# [GIVEN DATA]
- - - -

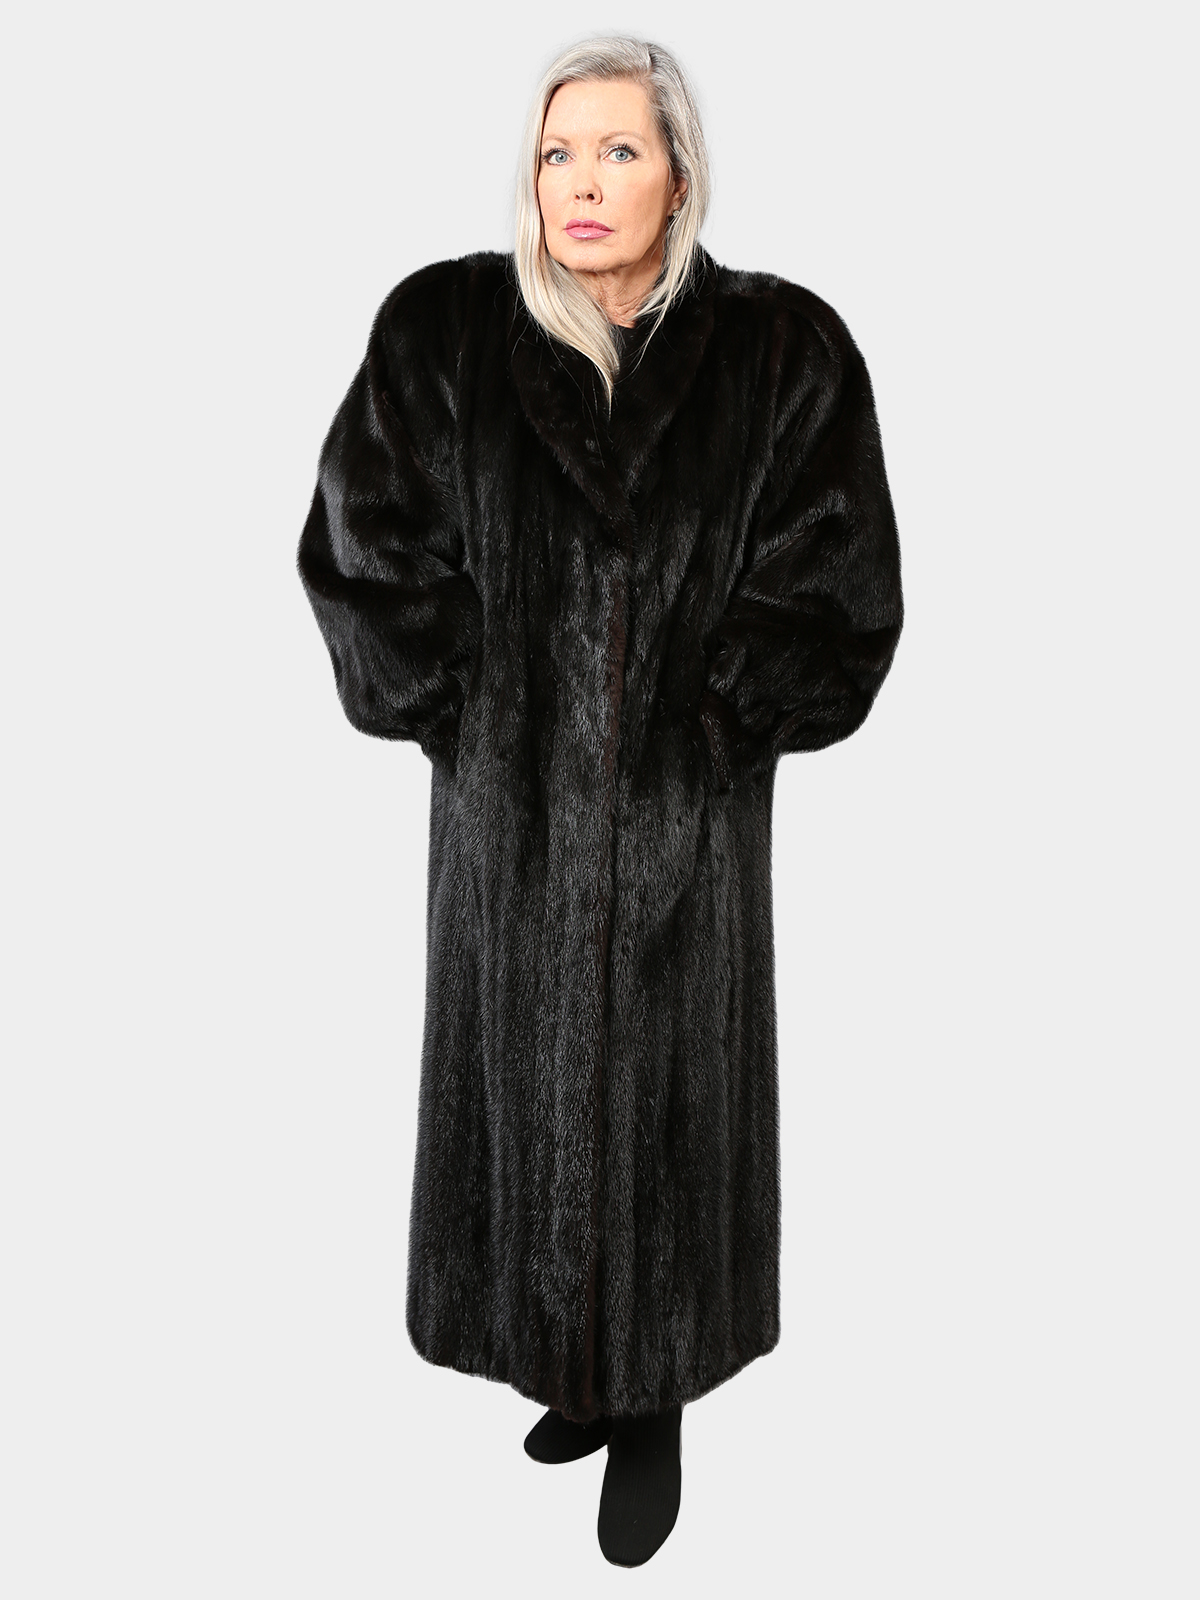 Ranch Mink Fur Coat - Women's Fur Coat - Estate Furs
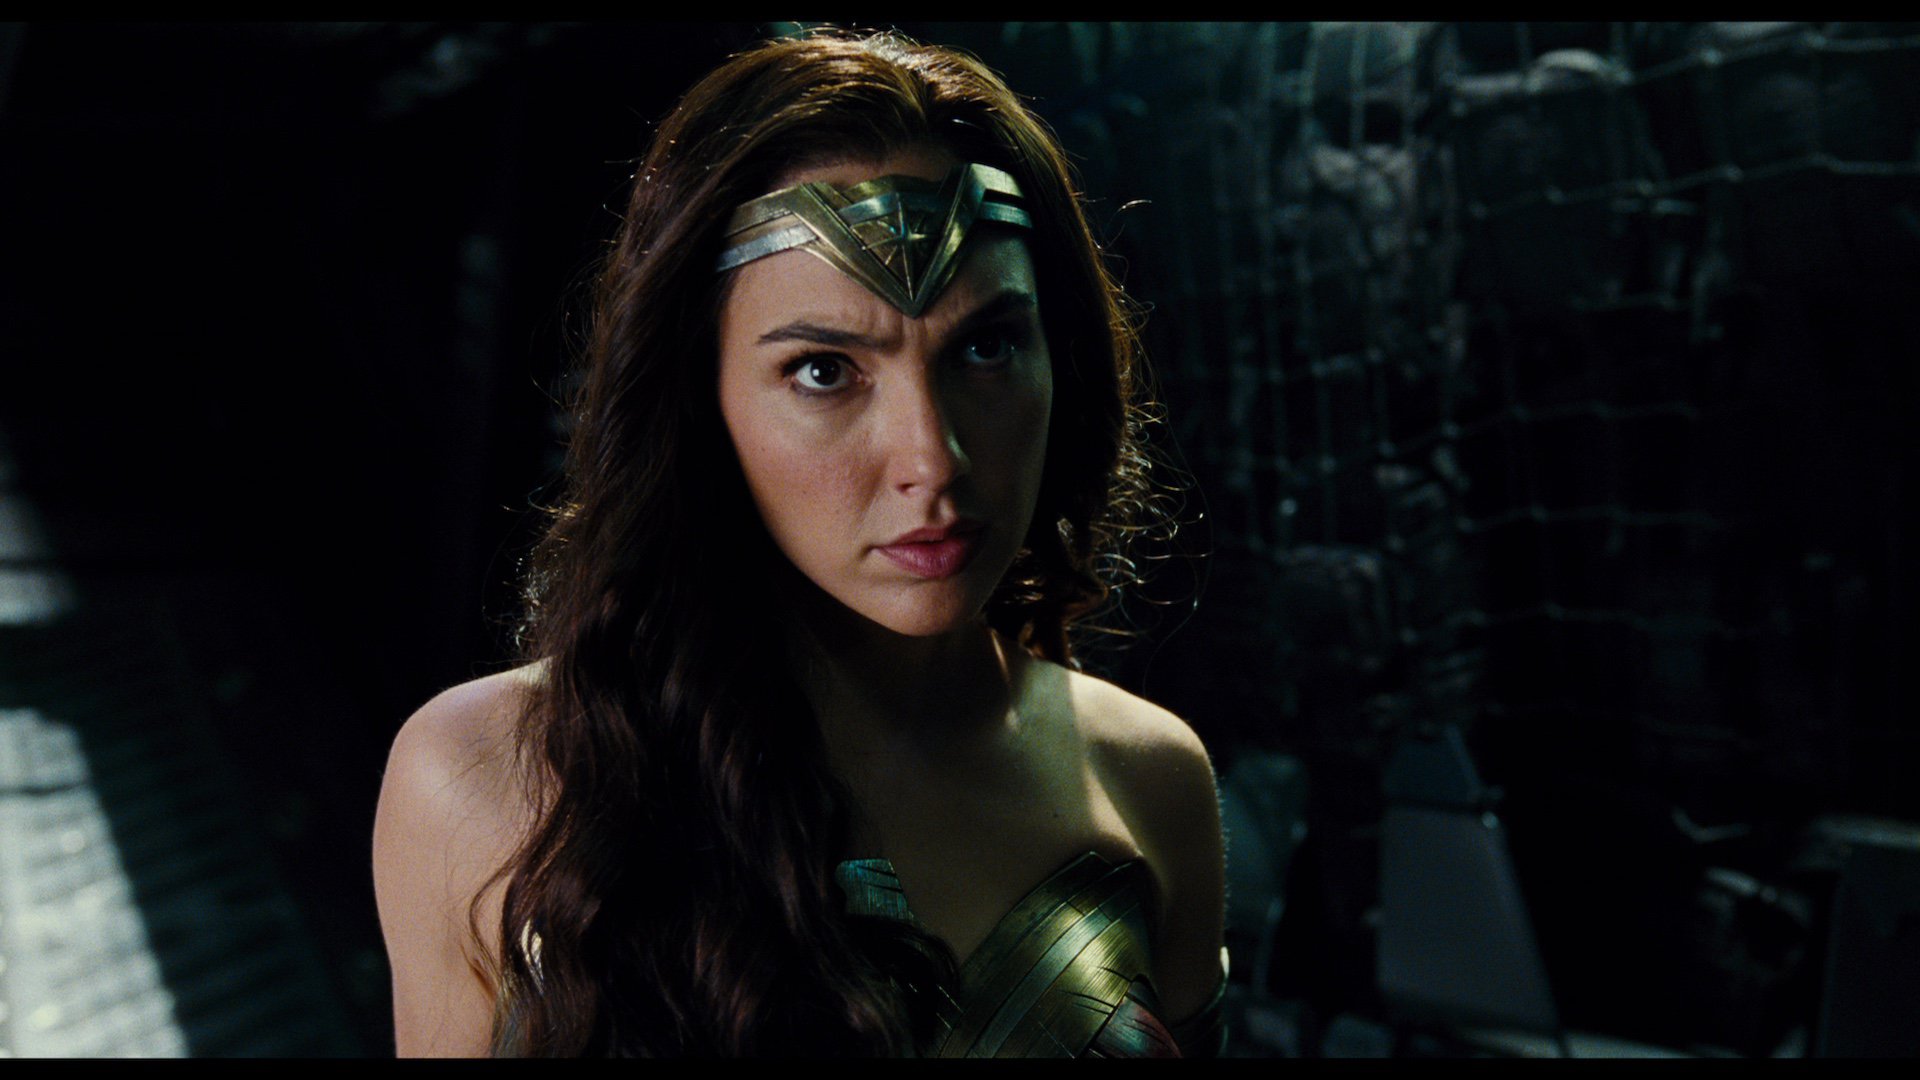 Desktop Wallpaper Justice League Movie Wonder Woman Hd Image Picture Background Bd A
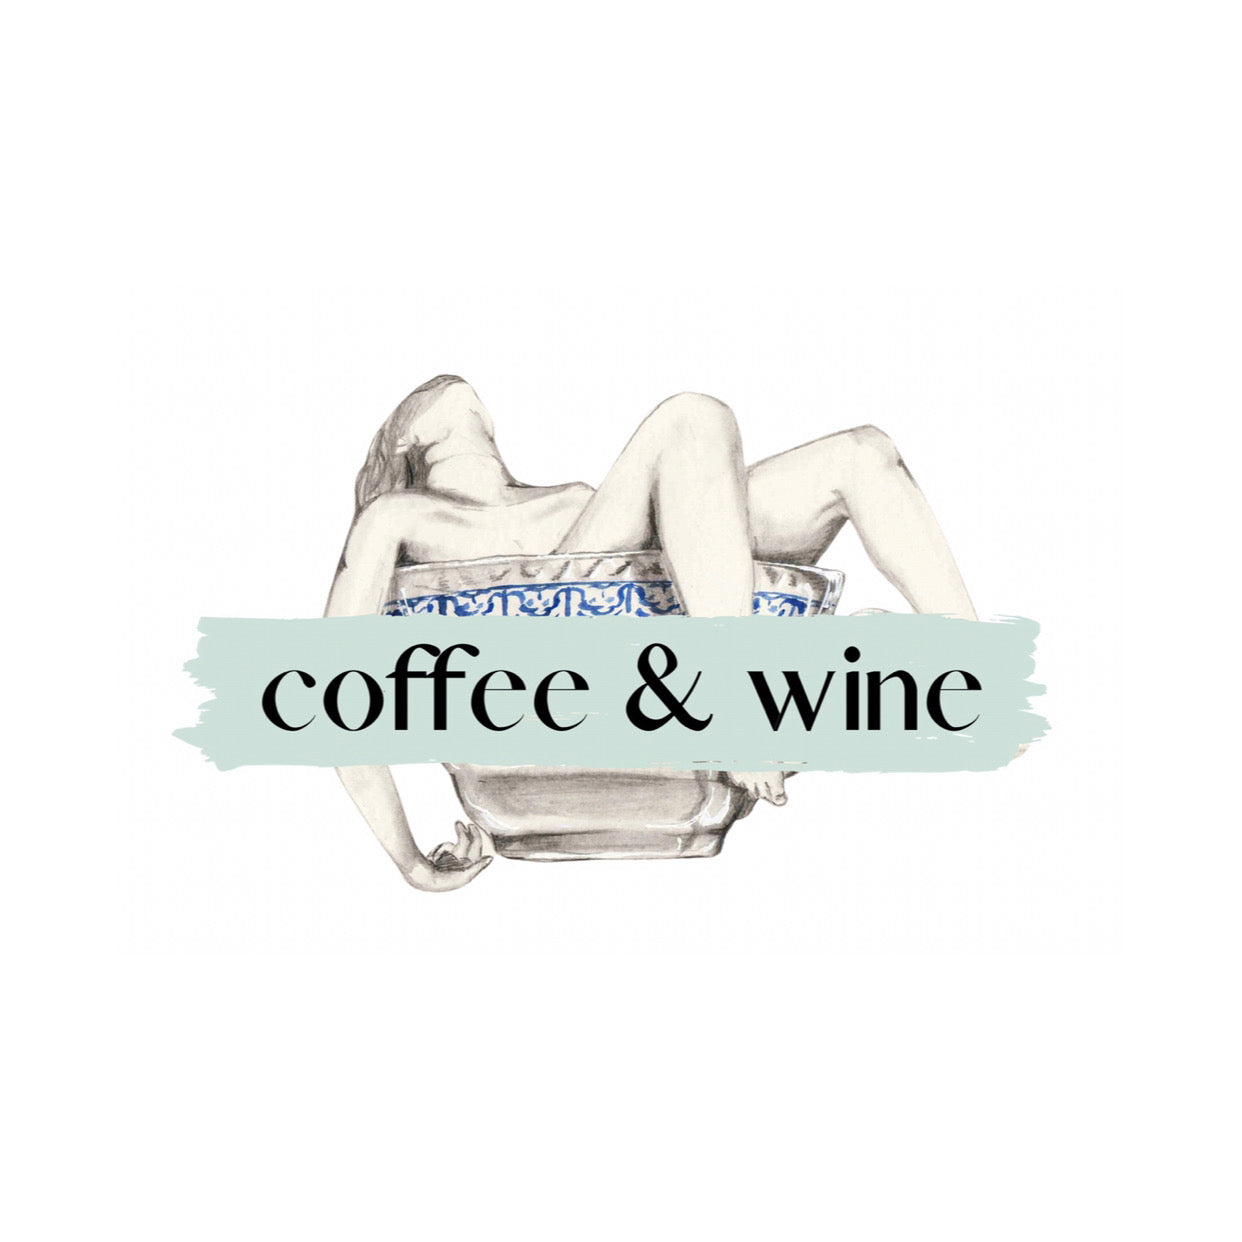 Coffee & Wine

- - - -

# [PROBLEM REQUIREMENTS]
Copy out the whole listing word for word, except for any picture it includes.

# [WRITTEN SOLUTION]
 Ranch Mink Fur Coat - Women's Fur Coat - Estate Furs
 Desktop Wallpaper Justice League Movie Wonder Woman Hd Image Picture Background Bd A
 Coffee & Wine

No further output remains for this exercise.